Need for technical assistance: Traditionally, rural areas are home to fewer nonprofit housing development corporations with the capacity needed to tackle complicated government programs and the long and difficult housing development process. Access to technical assistance can help to build capacity and rural nonprofits be competitive with their urban brethren.

Less access to charitable foundation and corporate giving: Few national foundations are prioritizing their giving to rural housing development. Delaware's foundations are based in metropolitan Wilmington. Fewer corporations, banks, and large employers exist in rural Delaware, causing far less access to corporate giving.

NIMBY (Not In My Back Yard) rears its ugly head in rural Delaware: Affordable housing often faces NIMBY pressures which can be particularly damaging where less sophisticated land use laws prevail and where there is less access to higher density, multi-family zoned land. Some communities may not have a well defined process for site approvals. Others call for public hearings where none are required.
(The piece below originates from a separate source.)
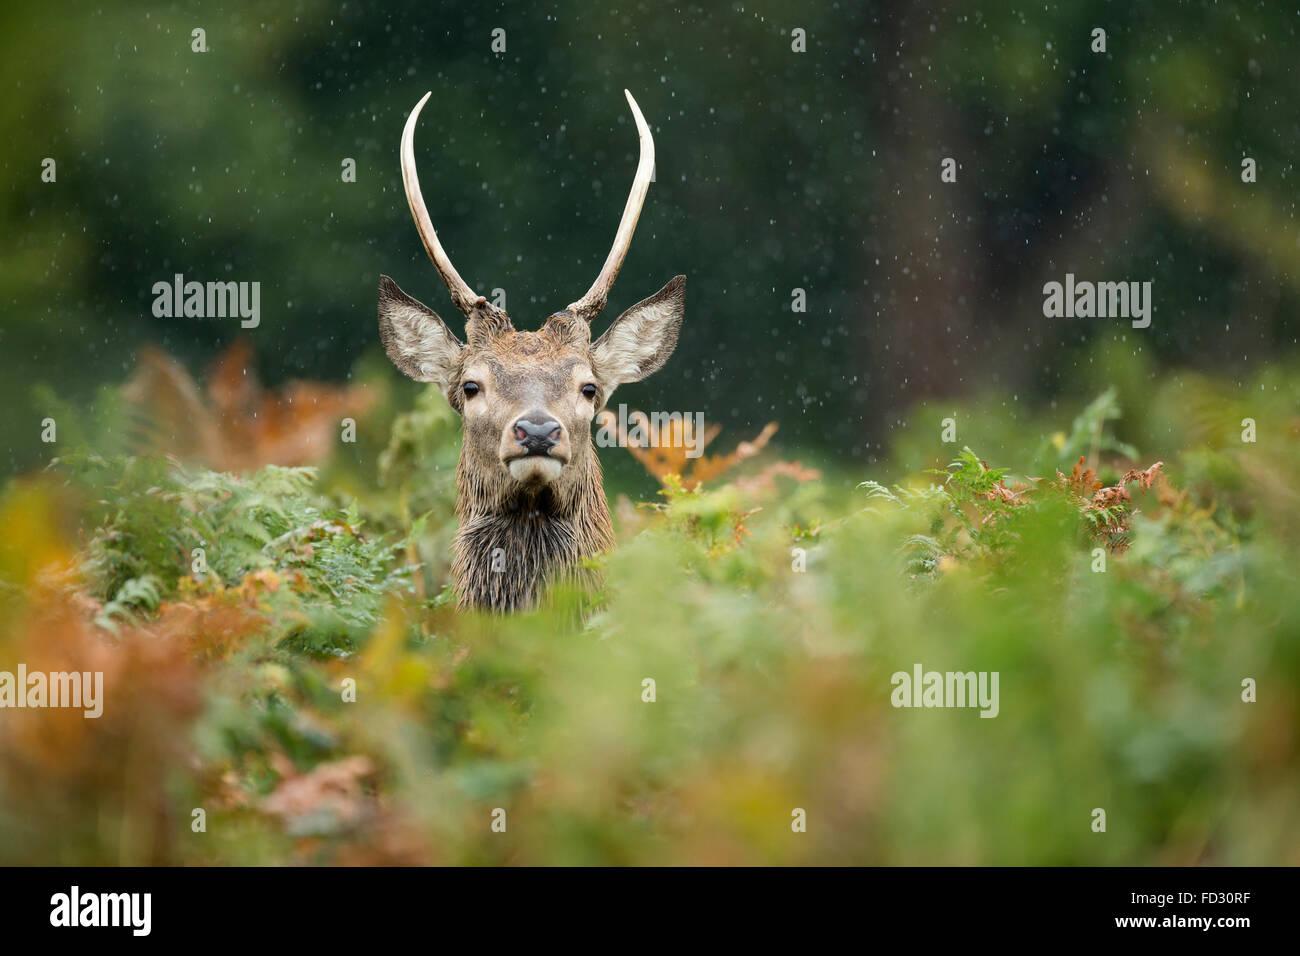 Young red deer (Cervus elaphus) stag amongst bracken in rain during the rutting season - Stock Image

Too often, the land use discussions drift from setbacks, side yards, and density to who is going to live there, what are their incomes, and property management issues. Often stereotypes abound with residents pointing to some failed urban projects, rather than acknowledging the significant rural Delaware successes. Too often issues like traffic, congestion, burden on local services are used to hide the real issues of discrimination, fear, and ignorance.

Notification bills: The latest trend negatively impacting the development of affordable housing are "notification bills", one passed previously, and one to be under consideration this session, that require affordable housing developers to notify everyone around them that they are planning a development and provide certification that all governments and civic associations have been informed early in the process. These notification bills are duplicative of the notification requirements of local land use laws. They also clearly give a head start to any negative NIMBY activities that affordable housing will face. Land use laws are sufficient and anything above that smacks of a very real Fair Housing impediment.

New populations: New populations moving to Sussex and Kent can face barriers of acceptance, language, culture, and financial practices that all tend to make access to improved housing, whether rental or homeownership, more difficult and the path more strenuous.

The housing development process itself: Gone are the days of one stop shopping at your HUD or USDA office. Housing development now requires multiple financing sources such as Low Income Housing Tax Credits, federal financing, state financing, equity partners, Federal Home Loan Bank participation, etc. What was once one application, one attorney, one inspector has now turned into a patchwork quilt requiring several of each which drives up costs and the learning curve substantially. Let's take a look at the aspects of simply choosing a housing site on which to build apartments: shape, size, access to water and sewer, within corporate limits, zoning, environmental issues, wetlands, flood plains, Livable Delaware, cost, topography, storm water management, soils, previous use, prime farm land, frontage, access to paved road, compatible surrounding land uses, etc.

This is why special attention, programs, rates and terms, and initiatives are necessary for rural Delaware.

Joe Myer is Executive Director of NCALL Research and founding President of the Delaware Housing Coalition.